Quiet, but not shy exactly. Like he was constantly watching everything around him and deciding which parts deserved his attention. Within about two weeks James had apparently decided Remus was worth collecting too, and now the three of them seemed permanently attached at the hip. Mary and Marlene had sort of joined the orbit naturally, and recently Lily had become impossible to separate from James as well. 

Sirius could still remember how embarrassingly obsessed James had been with her when they were younger. Going on about how pretty she was, insisting one day he’d marry her while Sirius had laughed and told him he was mental.

Now James looked… happy.

Properly settled in the way Sirius had never really seen before, like he’d somehow found exactly where he was supposed to be whilst Sirius had spent the last three years trying desperately to become someone else entirely. 

James was normal. James had Lily and his stupidly perfect little friend group and a future that probably didn’t involve hiding pieces of himself every second of every day. 

James was straight. Normal. Untouched by all the things Sirius had learned to bury before he was even old enough to understand them. 

They probably couldn’t have stayed friends anyway. Sirius didn’t fit into James’ world anymore. Not the real version of him, at least.

Sirius was still staring absently at James’ table when Kian suddenly let out a loud bark of laughter beside him.

The sound cut straight through the cafeteria noise. Kian was hunched over his phone, grinning like he’d just been handed the funniest thing he’d seen all week.

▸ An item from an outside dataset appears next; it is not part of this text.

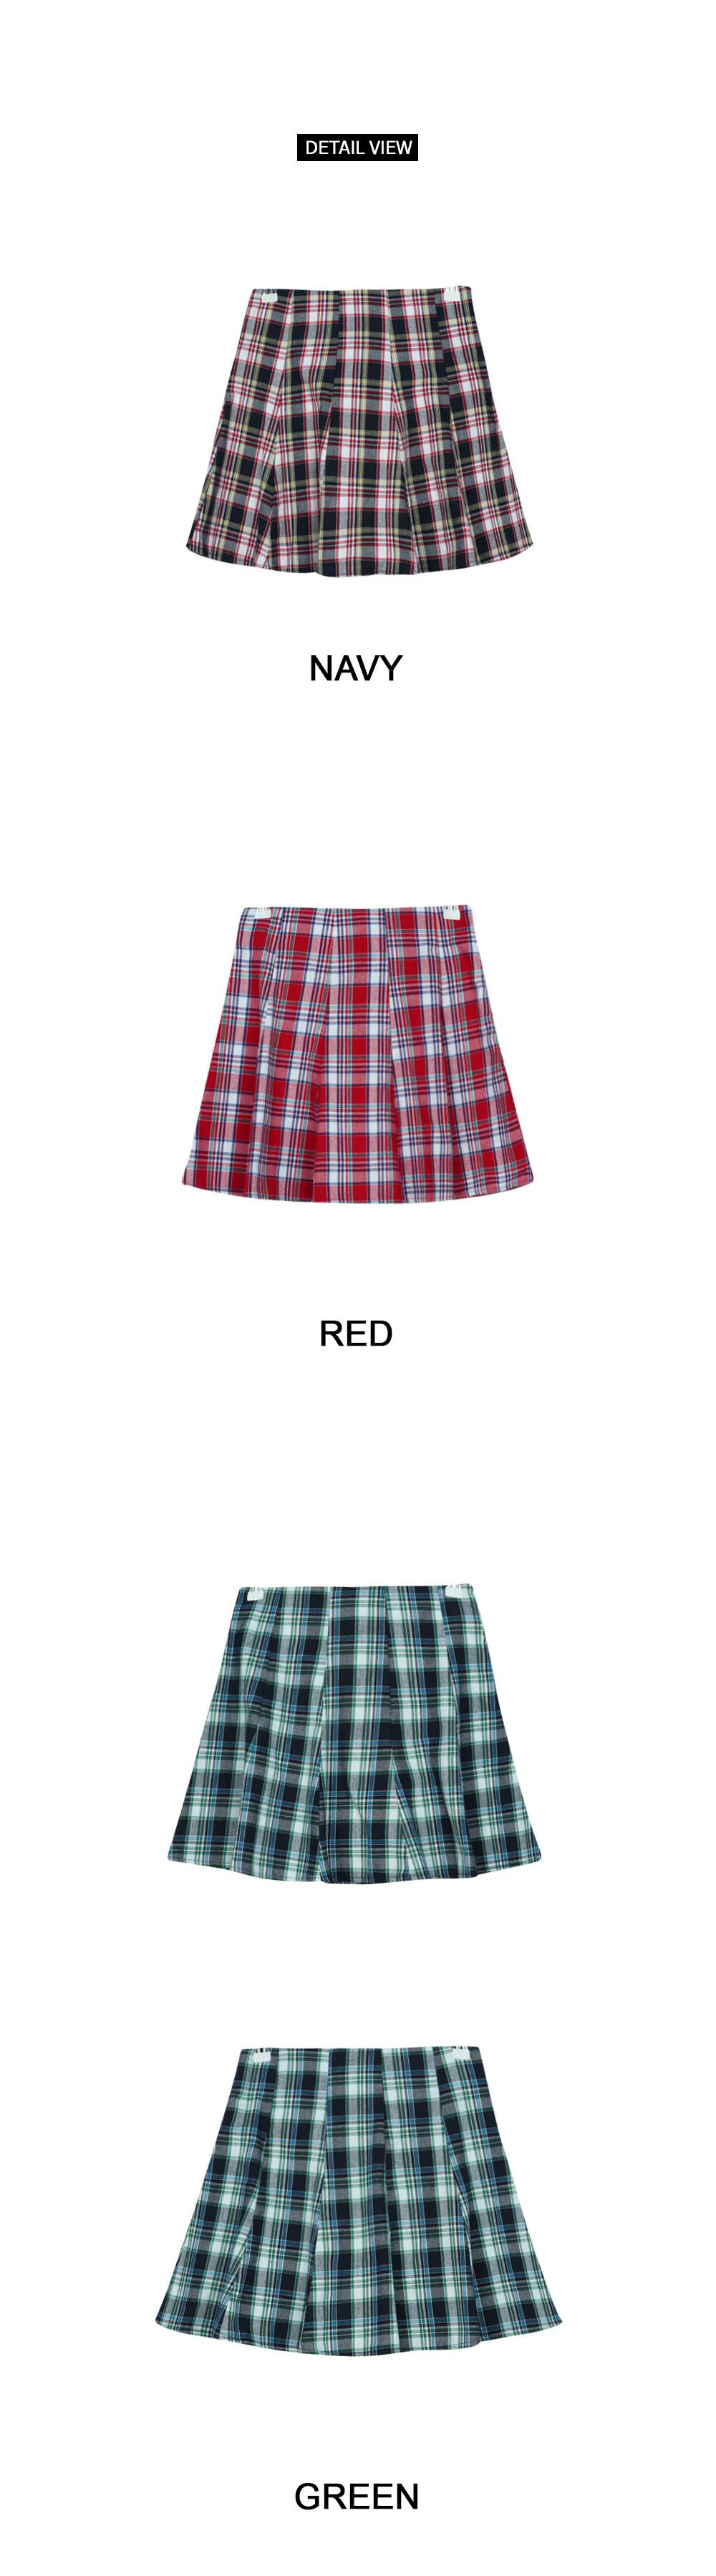 Joy check skirt

“Oh my god,” he said, shoving the screen towards Shaun. “Have you heard? Loony’s gay.”

Shaun nearly spat out the mouthful of Coke he’d just taken.

“No fucking way.”

“Swear down,” Kian said, still laughing. “Look. Someone put it on Insta like twenty minutes ago. Apparently he’s a proper poof.”

Dahlia finally pulled away from Sirius’ neck, eyebrows shooting upwards.

“Wait, Lupin?”

Amy leaned over Shaun’s shoulder, squinting at the screen before immediately pulling a face.

“Honestly, that makes so much sense.”

The whole table burst out laughing.

Shaun shook his head, grinning as he tossed his phone onto the table. “Knew there was something weird about him. Bloke always looked a bit… off.”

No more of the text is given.